In diesem Fall sind die Steuerungssysteme nicht mehr intakt - die Piloten verlieren zwangsläufig die Herrschaft über das Flugzeug. Ein Uncontrolled Flight Into Terrain ist die Folge.

Die Unterscheidung zwischen einem Controlled Flight Into Terrain und einem Uncontrolled Flight Into Terrain werden jedoch in Einzelfällen von den zuständigen Flugunfalluntersuchungsbehörden häufig nicht eindeutig abgegrenzt. Fällt beispielsweise während eines Fluges die Elektrik im Cockpit aus, was zur Folge hat, dass nur noch unter Zuhilfenahme von Standby-Instrumenten gesteuert werden kann, wird im Falle eines Absturzes auf die Klassifizierung 'Controlled Flight Into Terrain' verzichtet, da es als zweifelhaft gilt, wie kontrolliert ein solcher Flug sein kann.

Abstürze in Folge von technischen Defekten werden daher im Allgemeinen nicht als Controlled Flight Into Terrain gewertet, da sie als Uncontrolled Flight Into Terrain (UFIT) zu bewerten sind.

Eine Häufung von CFIT-Unfällen führte in den 1970er-Jahren zur Entwicklung und Einführung des Bodenannäherungswarnsystems (GPWS, Ground Proximity Warning System).
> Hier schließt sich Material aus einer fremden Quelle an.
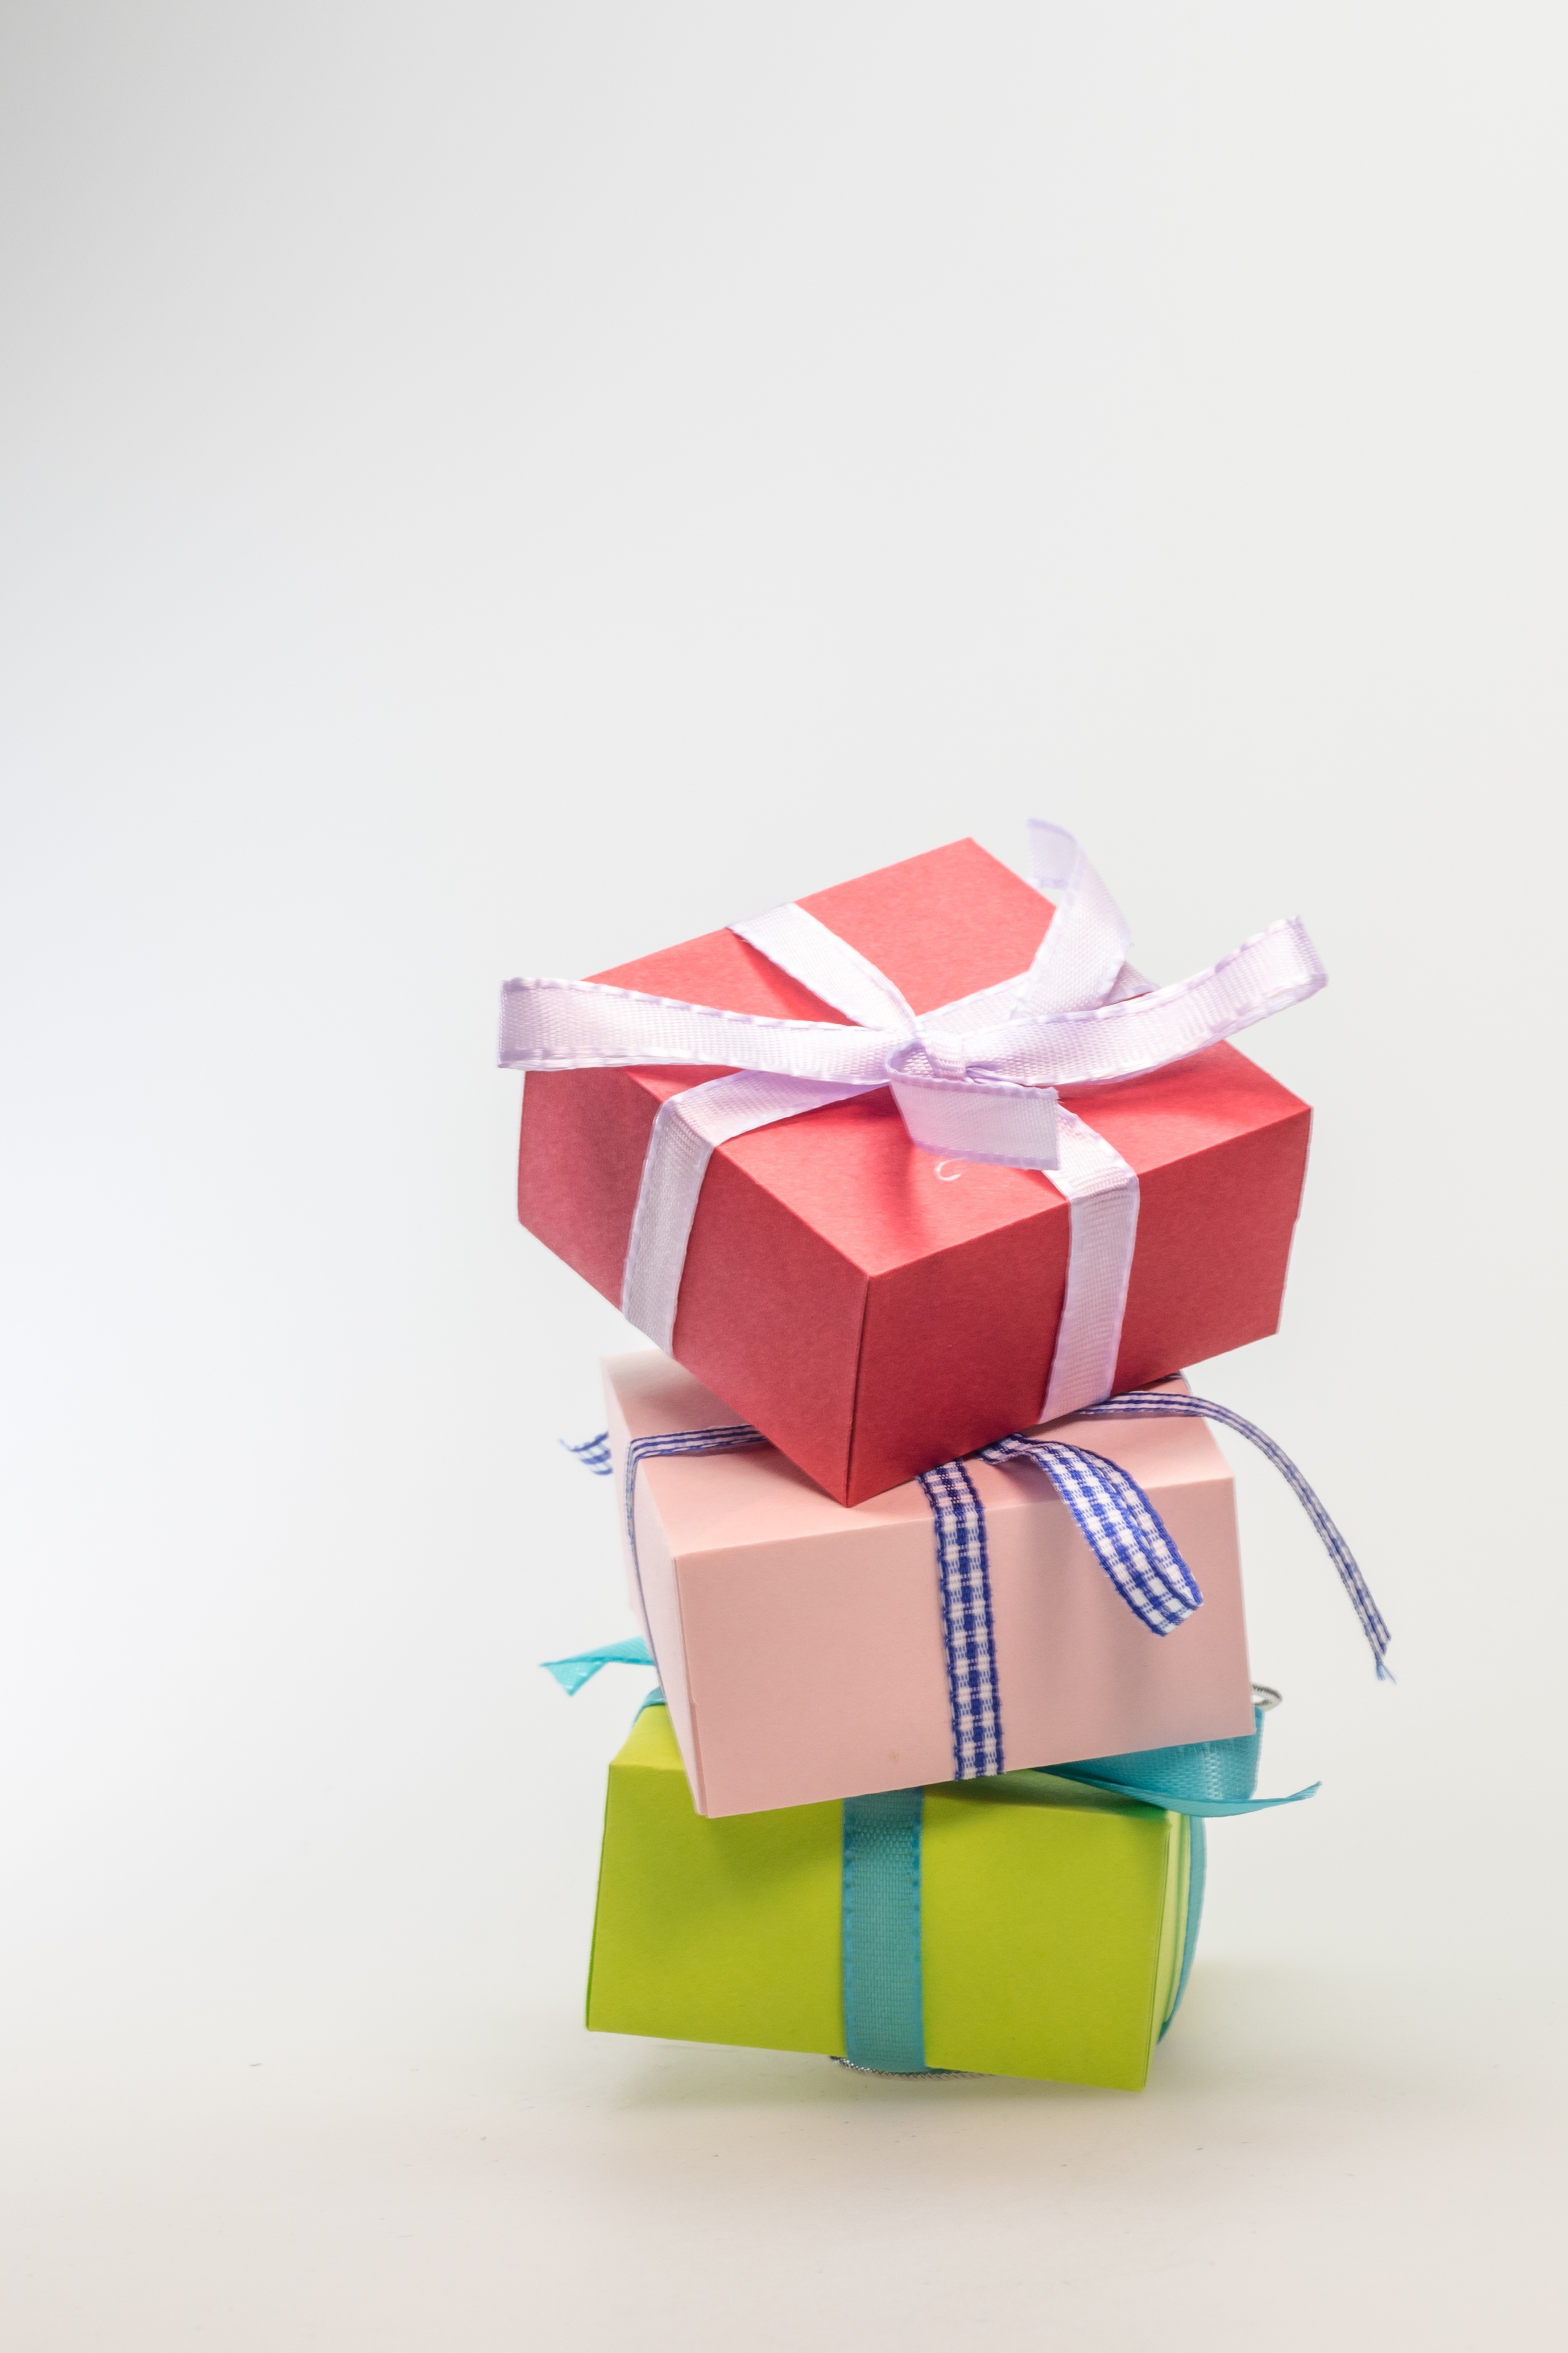 Free photo Gifts in a box on a white background

Weitere Beispiele für „CFIT“ sind:

  • Der Flugzeugabsturz einer Boeing 737 der Condor Flugdienst am 2. Januar 1988 in Izmir, die durch Navigationsfehler nach dem Empfang einer Nebenkeule des Instrumentenlandesystems mit einem Berg kollidierte.
  • Im Dezember 1995 fanden 150 Menschen den Tod, als eine Boeing 757 in der Nähe von Cali, Kolumbien, mit einem Berggipfel der Anden kollidierte.
  • Der Absturz der US-Airforce-Boeing 737 am 3. April 1997 beim Landeanflug auf Dubrovnik, bei dem unter anderem der US-Wirtschaftsstaatssekretär und Clinton-Vertraute Ron Brown ums Leben kam.
  • Am 6. August 1997 flog eine Boeing 747-300 der Korean Airlines beim Landeanflug auf den Flughafen Won Pat der Pazifikinsel Guam „kontrolliert“ in das Gelände, 227 Menschen starben.
  • Der Absturz einer Avro RJ100 beim Anflug auf den Runway 28 des Flughafens Zürich am 24. November 2001, die bei schlechter Sicht mit einer Baumgruppe kollidierte und anschließend explodierte. (siehe: Crossair-Flug 3597)

Etymologischer Nachweis

Die Diskrepanz der möglichen Übersetzungen rührt daher, dass „terrain“ aus dem Englischen sowohl mit Boden, als auch mit Gelände (Gebiet) übersetzt werden kann.